I asked Mullenweg how WordPress has managed to remain relevant over a decade of radical change for the web. “I’ve given that a lot of thought. It’s not any one feature, but about how we do things — the community, being inclusive, always changing. We try to keep some of the agility of the best startups while also building things in an open-source fashion.”

“We’ve been working on the same thing for a decade now,” Mullenweg said. “We plan to work on it for another decade. With that sort of commitment to democratizing publishing — you get better at it.”

Back in 2003, when WordPress was new, it was easy to identify its competition. There were already several well-established ways to create a blog, such as Movable Type and Blogger. New blogging options have come along since, such as Tumblr and Squarespace, along with build-your-own-site services such as Wix and Weebly, and industrial-strength content-management platforms like Drupal and Joomla.

Most of these rivals have carved off a specific niche for themselves: Tumblr, for instance, flourishes as a means of quick self-expression, but nobody would attempt to use it to run a conventional news site. WordPress alone aims to please just about anyone who wants to put any sort of content on the web. “It’s more efficient to put people into a constrained box…but WordPress has always been about choice and flexibility,” said Mullenweg. “Sometimes it looks like major media, sometimes it’s weird and ugly. It’s both, because it represents people.”

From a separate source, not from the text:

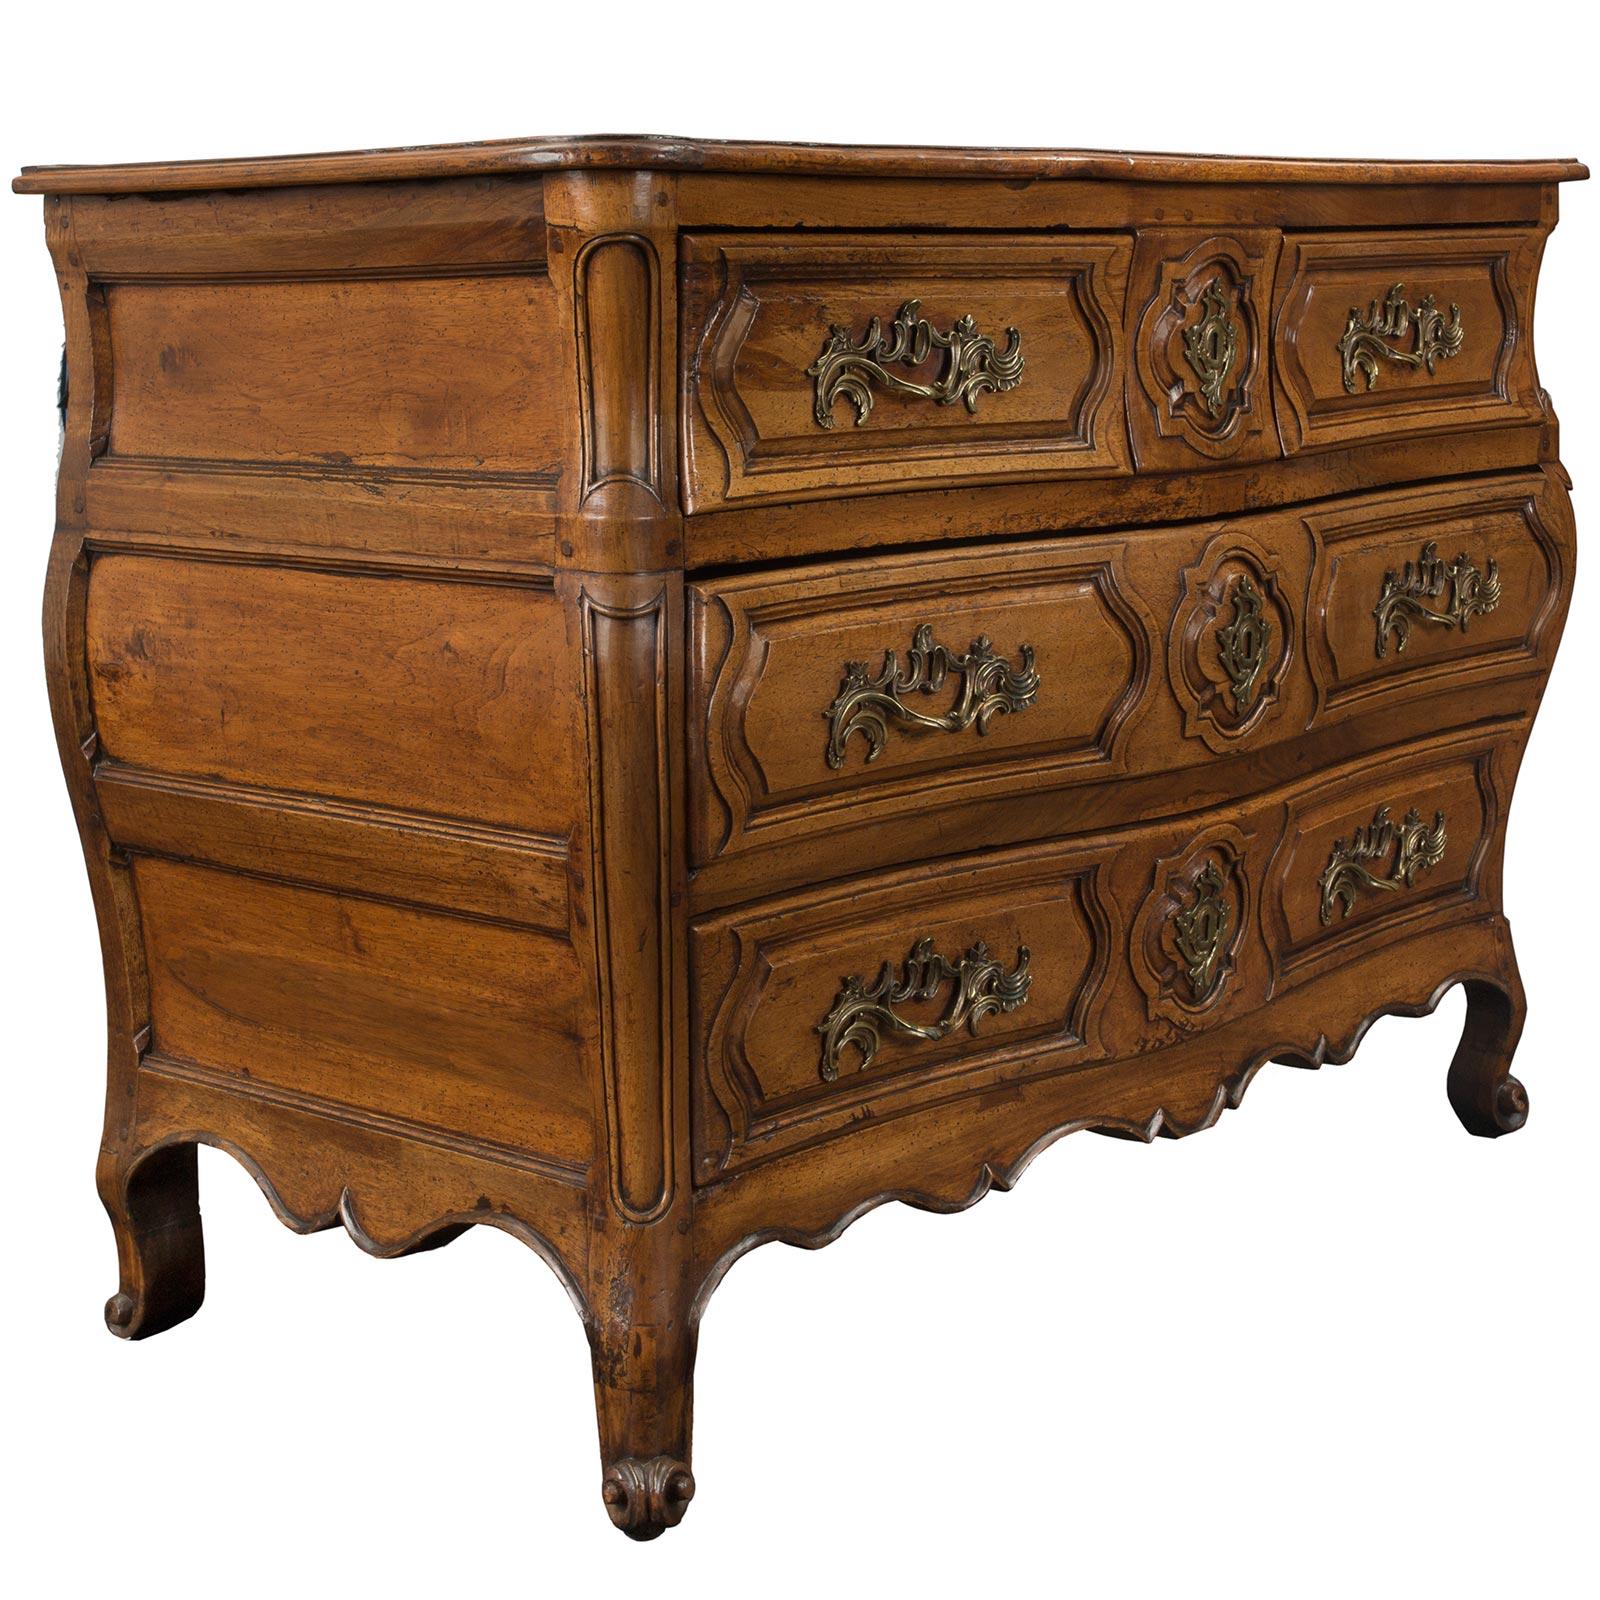 Patinated French Mid-18th Century Louis XV Period Walnut Commode with Bronze Hardware For Sale
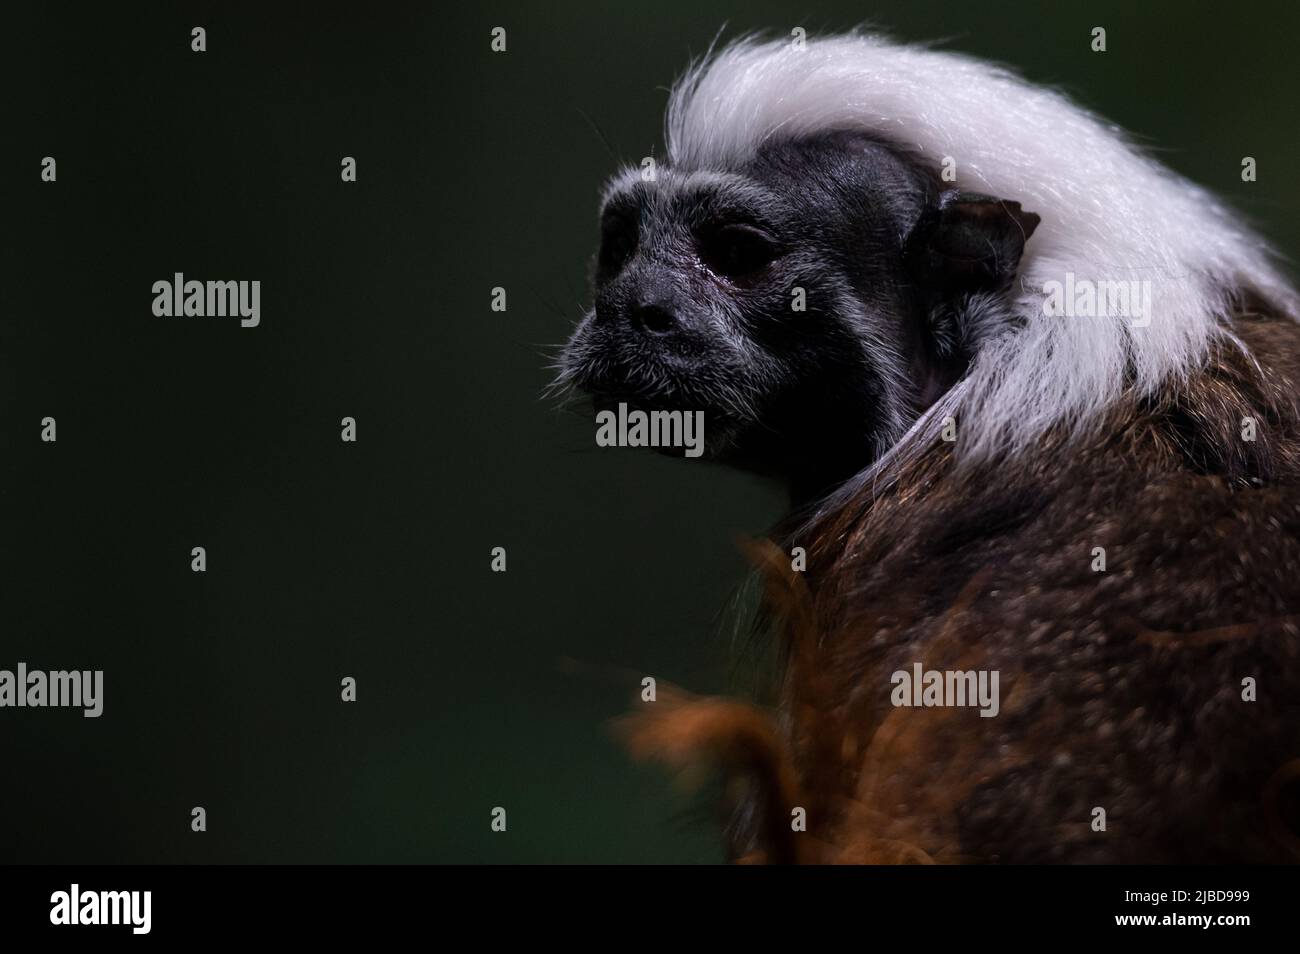 A cotton-top tamarin (Saguinus oedipus), one of the smallest primates, pictured in its enclosure at Faunia zoo. Stock Photo

Increasingly, some of the things WordPress competes with don’t look anything like WordPress. As Facebook and Twitter rose in popularity, for instance, it became fashionable to declare that they posed an existential threat to blogs. The obituaries keep getting written.

I assumed that Mullenweg didn’t think that social networks had displaced blogs as a form of personal communication, but felt obligated to ask him anyhow. “You can’t do the same things on both — they’re complimentary,” he said. “Just because someone uses Twitter doesn’t mean they shouldn’t use WordPress, and vice versa. It turns out that social networks drive a heck of a lot of traffic to blogs.”

Even if other forms of web activity are encroaching on WordPress’s turf, it’s also broadening its goals. During his State of the Word keynote, Mullenweg showed a brief video of an ambitious commerce tablet app used by the Houston Museum of Art, with features like the ability to let users hold their membership cards up to a camera to scan them. It wasn’t recognizable — at least to me — as having been created in WordPress.

WordPress isn’t trying to be all things to all creators, though: The web apps it has in mind will still be content-focused ones. “If you were building a real-time game like one of Zynga’s games, the WordPress model wouldn’t work well for that,” Mullenweg told me.

During the State of the Word speech, one significant bit of news came up only in response to a question from an audience member: Mullenweg is personally leading development of WordPress’s upcoming 3.8 release, returning to a hands-on management role, which he had passed on to others for other releases. (Toni Schneider has been CEO of Automattic since 2006; Mullenweg typically spends much of his time traveling, attending WordCamps and advocating for WordPress’s mission on a grand scale.)

“I’m going to have fun — it’s a little bit selfish,” he told me. “We all do different things, and one of the talents I bring to WordPress is working with people, working with designers and developers.”

“It’s like being a conductor. People think you’re crazy if you just wave your hands in the air. But with the right team in place, beautiful things are made.”